Exercises: Chapter 21

DataField.Dev

Exercises: Chapter 21

Dimensionality Reduction: PCA, t-SNE, and UMAP

Exercise 1: PCA Fundamentals (Conceptual)

a) Explain in your own words what PCA does. Avoid the phrase "reduces dimensions" --- instead describe the geometric operation (rotation, projection) and what is preserved.

b) Why must you standardize features before applying PCA? Give a concrete example: if monthly_hours_watched ranges from 0-200 and content_completion_rate ranges from 0-1, what happens if you run PCA without scaling?

c) A colleague fits PCA with 10 components on a 24-feature dataset and reports "we captured 85% of the variance." Explain what this means in precise terms. What is in the remaining 15%?

d) The explained variance ratios for a dataset are: PC1=0.45, PC2=0.20, PC3=0.10, PC4=0.05, .... Compare this to a dataset where the ratios are: PC1=0.06, PC2=0.05, PC3=0.05, PC4=0.05, .... What does the difference tell you about the structure of the two datasets?
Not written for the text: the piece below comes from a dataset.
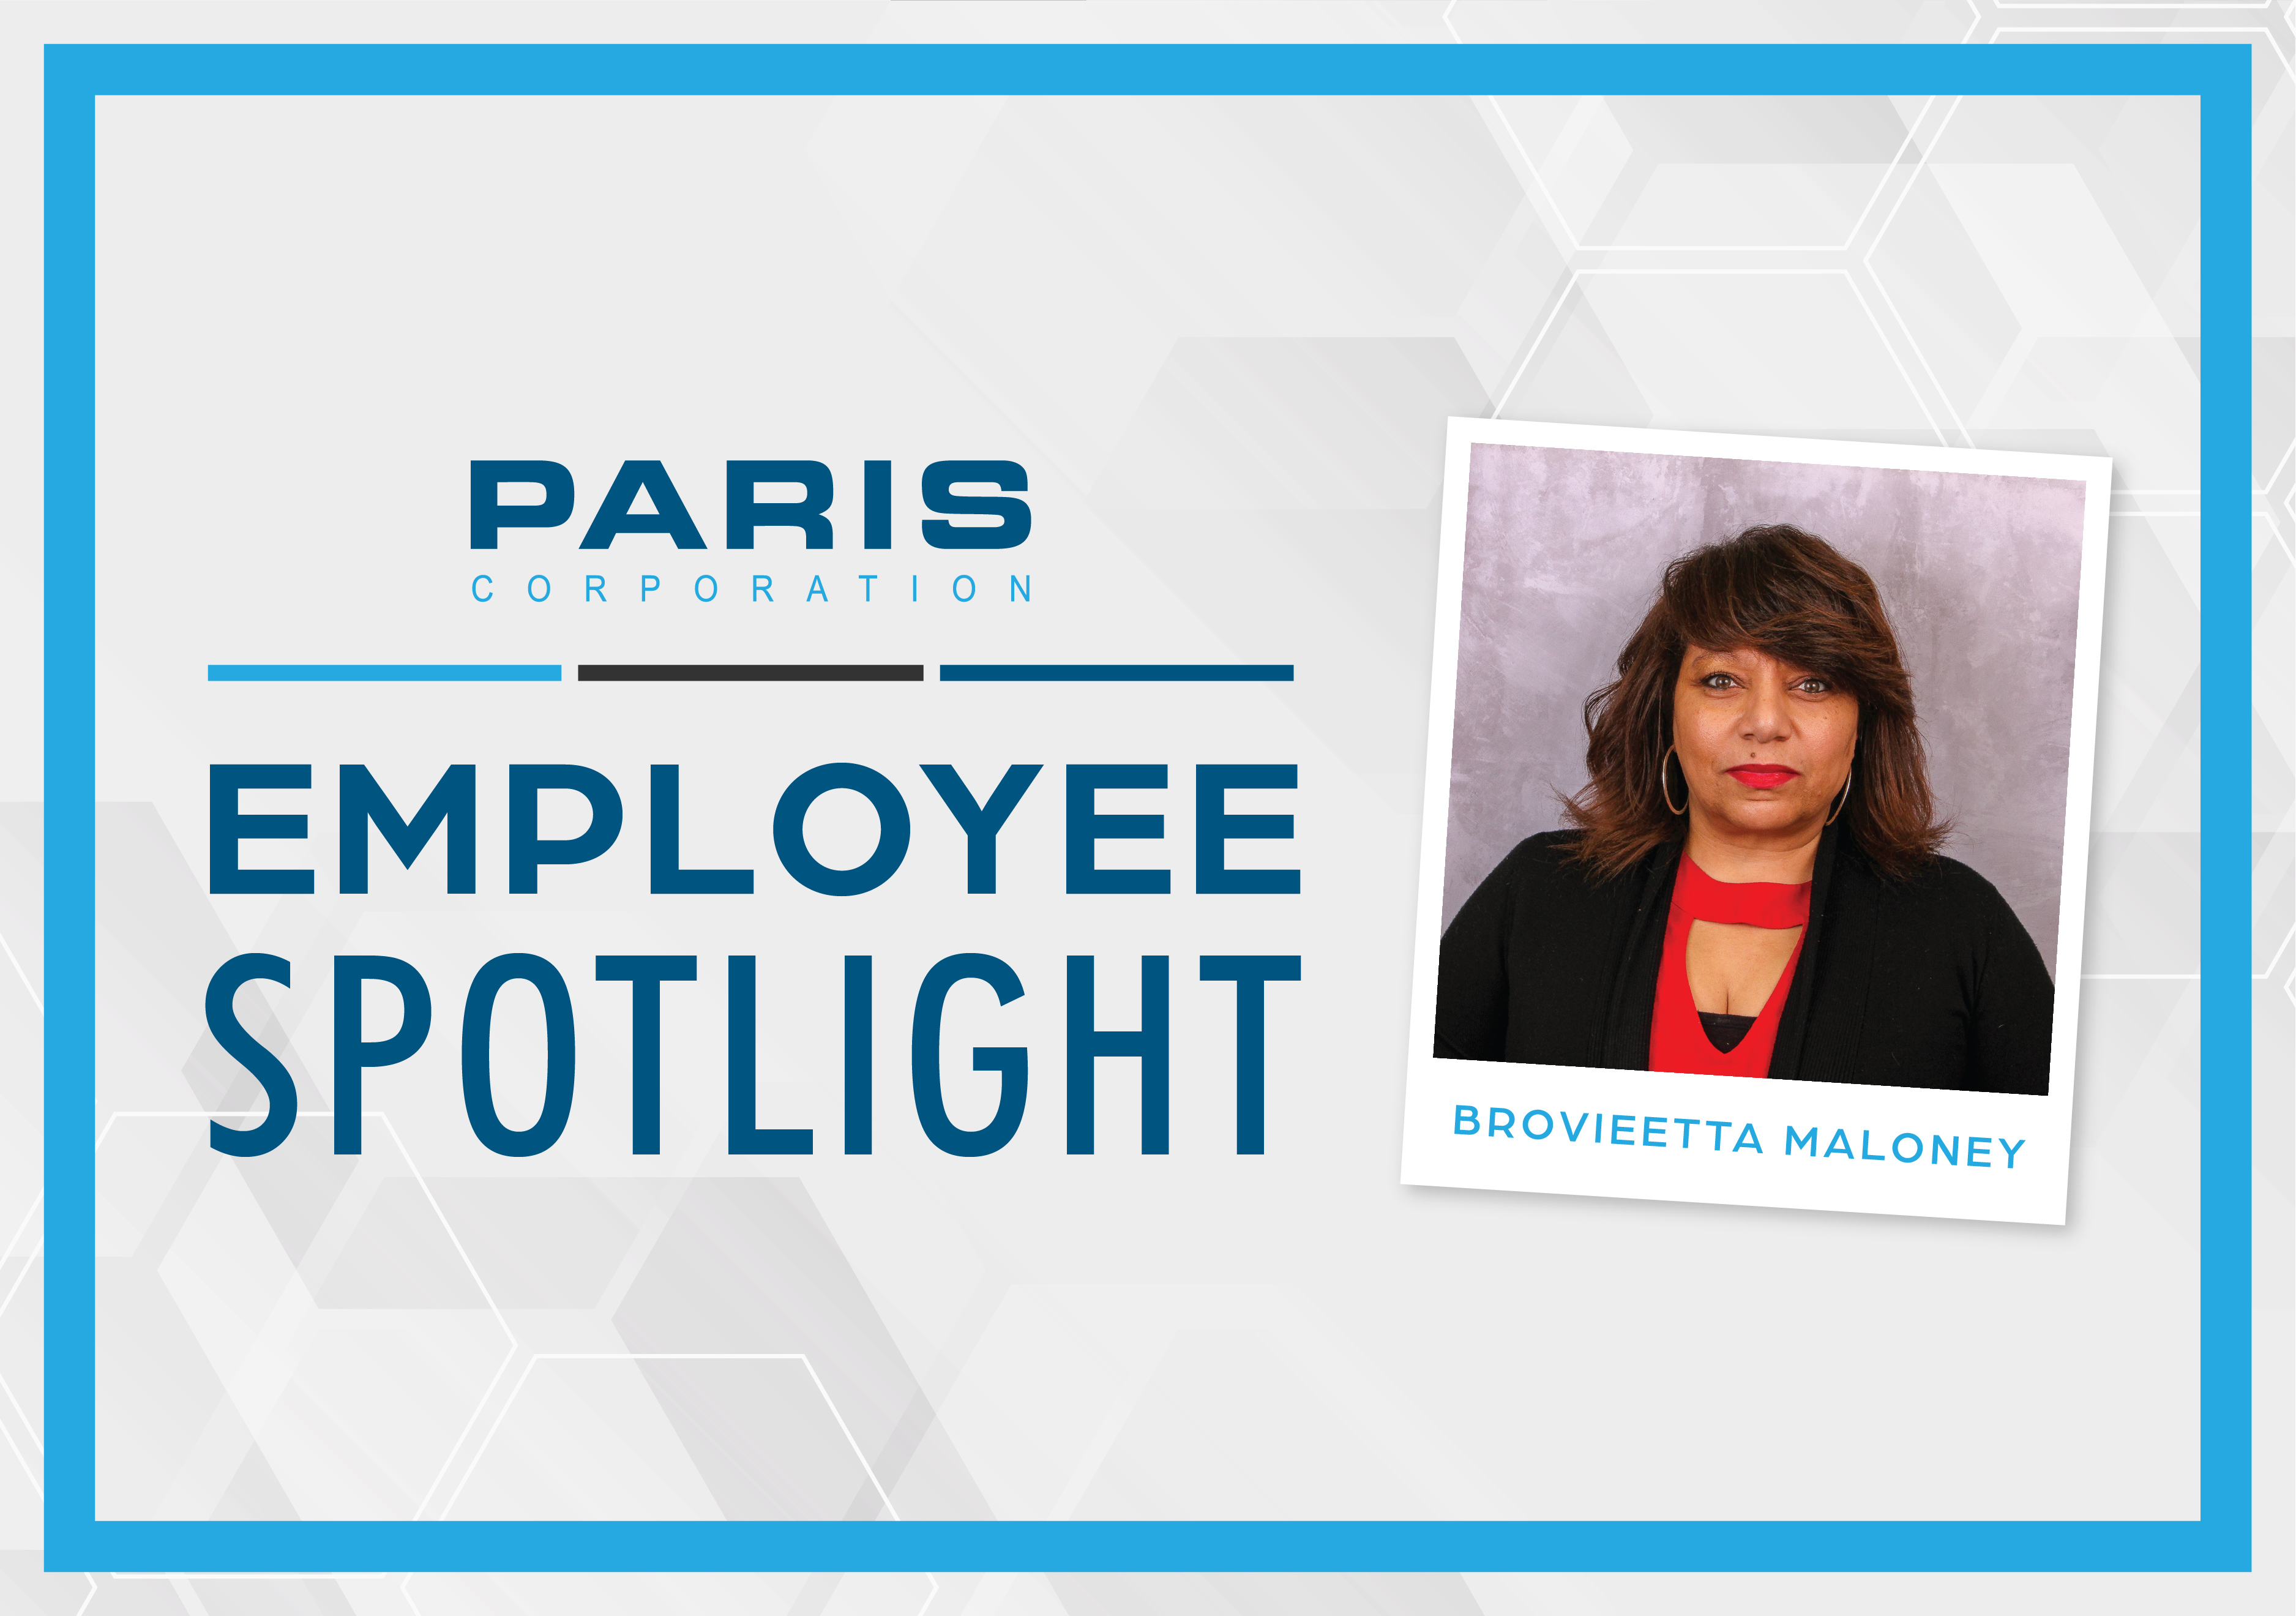 Brovieetta Maloney, employee spotlight,paris corporation, employee, spotlight, coworkers, friends, 20 questions, interview, employee spotlight, employee engagement

Which one would produce a more informative 2D PCA scatter plot?

Exercise 2: PCA on StreamFlow (Code)

Using the StreamFlow churn dataset from the chapter, complete the following:

a) Fit PCA with all 24 components. Create a scree plot showing both individual and cumulative explained variance. How many components are needed to capture 90% of the variance?

import numpy as np
import pandas as pd
from sklearn.decomposition import PCA
from sklearn.preprocessing import StandardScaler
import matplotlib.pyplot as plt

# --- Use the chapter's StreamFlow data setup ---
# Your code here: load data, scale, fit PCA

# Create the scree plot
# Your code here

# Report the number of components for 90% variance
# Your code here

b) Extract the loadings for the first 3 principal components. For each, identify the top 3 features by absolute loading value and describe what the component captures in plain English (e.g., "PC1 is an engagement component dominated by hours and sessions").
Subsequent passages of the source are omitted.